Not Really a WordPress Plugin Vulnerability, Week of May 28
In reviewing reports of vulnerabilities in WordPress plugins to provide our customers with the best data on vulnerabilities in plugins they use we often find that there are reports for things that don’t appear to be vulnerabilities. For more problematic reports we release posts detailing why the vulnerability reports are false, but there have been a lot of that we haven’t felt rose to that level. In particular, are items that are not outright false, just the issue is probably more accurately described as a bug. For those that don’t rise to level of getting their own post we now place them in a weekly post when we come across them.

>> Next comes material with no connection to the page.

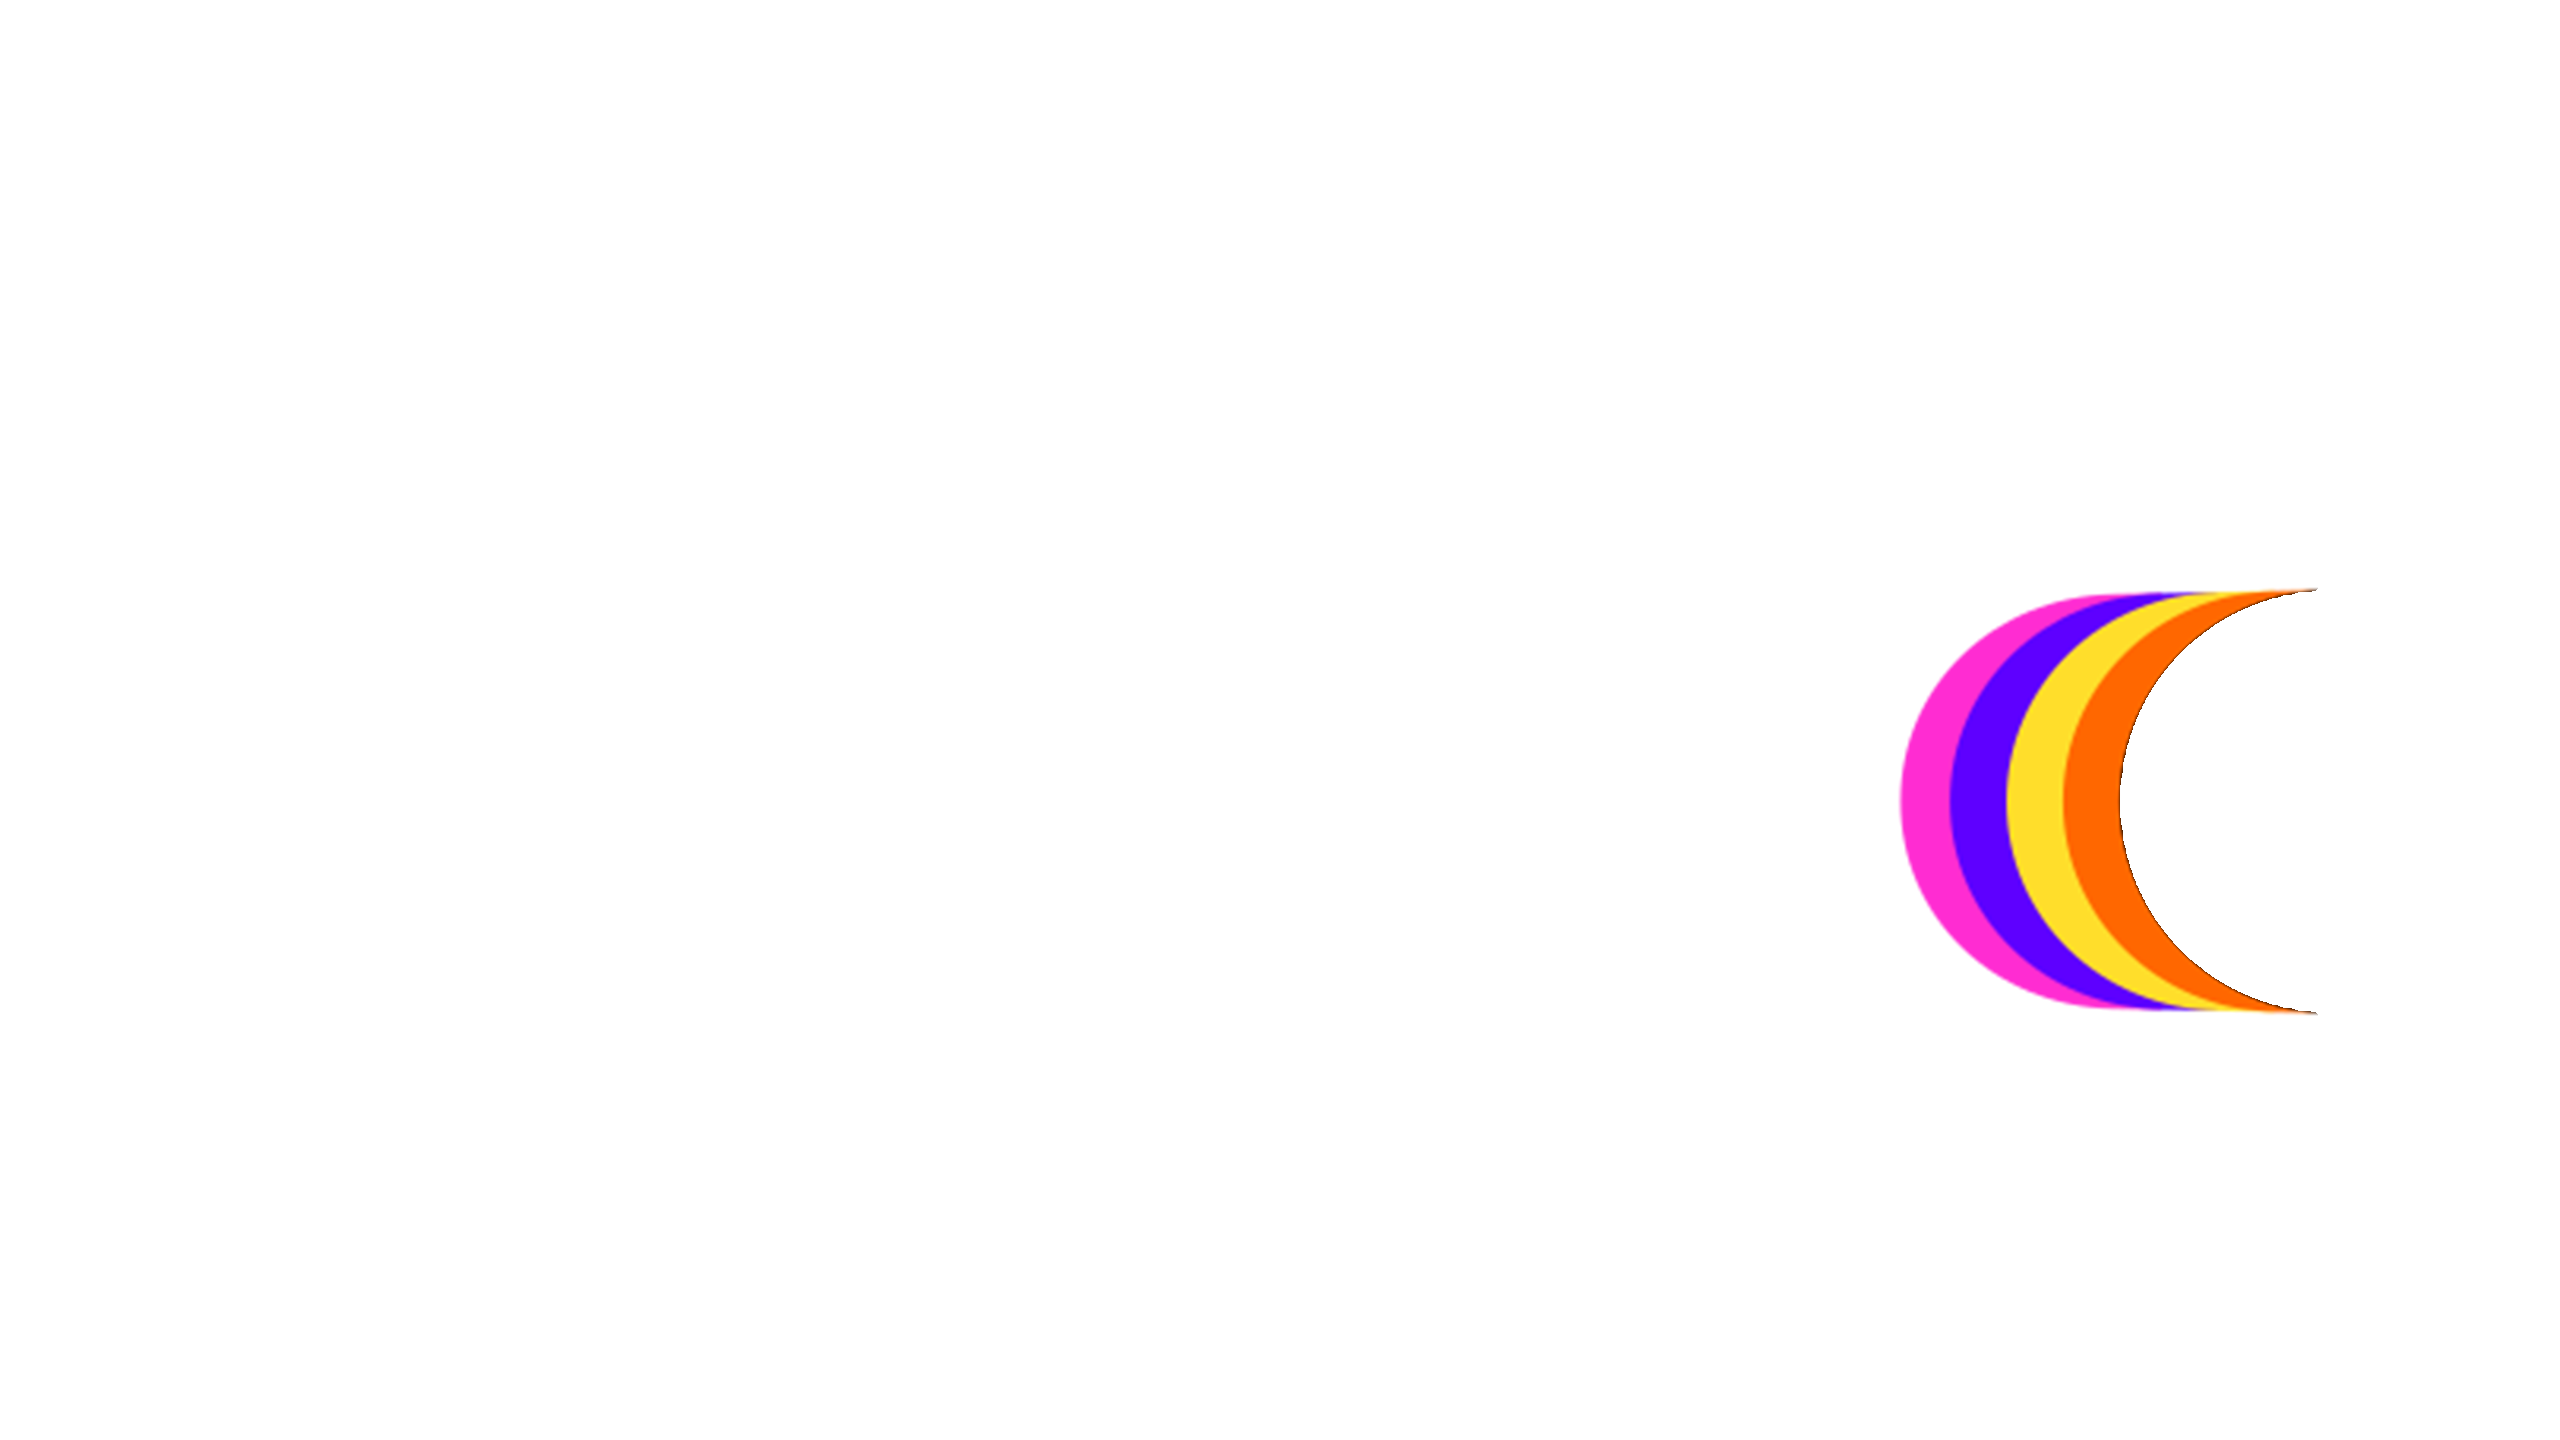 pluto logo

Stored Cross-Site Scripting (XSS) in Cookie Law Bar
With the claimed stored cross-site scripting (XSS) vulnerability in Cookie Law Bar, it is stated that “an authenticated attacker can retrieve cookies / sensitive data of all WordPress users”. The first step in the proof of concept is:
navigate to the settings of the Cookie Law Bar under
http://localhost/wp-admin/options-general.php?page=clb
To access the contents of that page, you have to have the activate_plugins capability:
2 3 4 | if (!current_user_can('activate_plugins')) { die('The account you\'re logged in to doesn\'t have permission to access this page.'); } |
That is a capability that normally only Administrators have. If an attacker has access to an Administrator account, then they can usually already do the equivalent of this or anything else they want, for that matter.
The plugin also checks for a valid nonce, so cross-site request forgery (CSRF) is also not possible.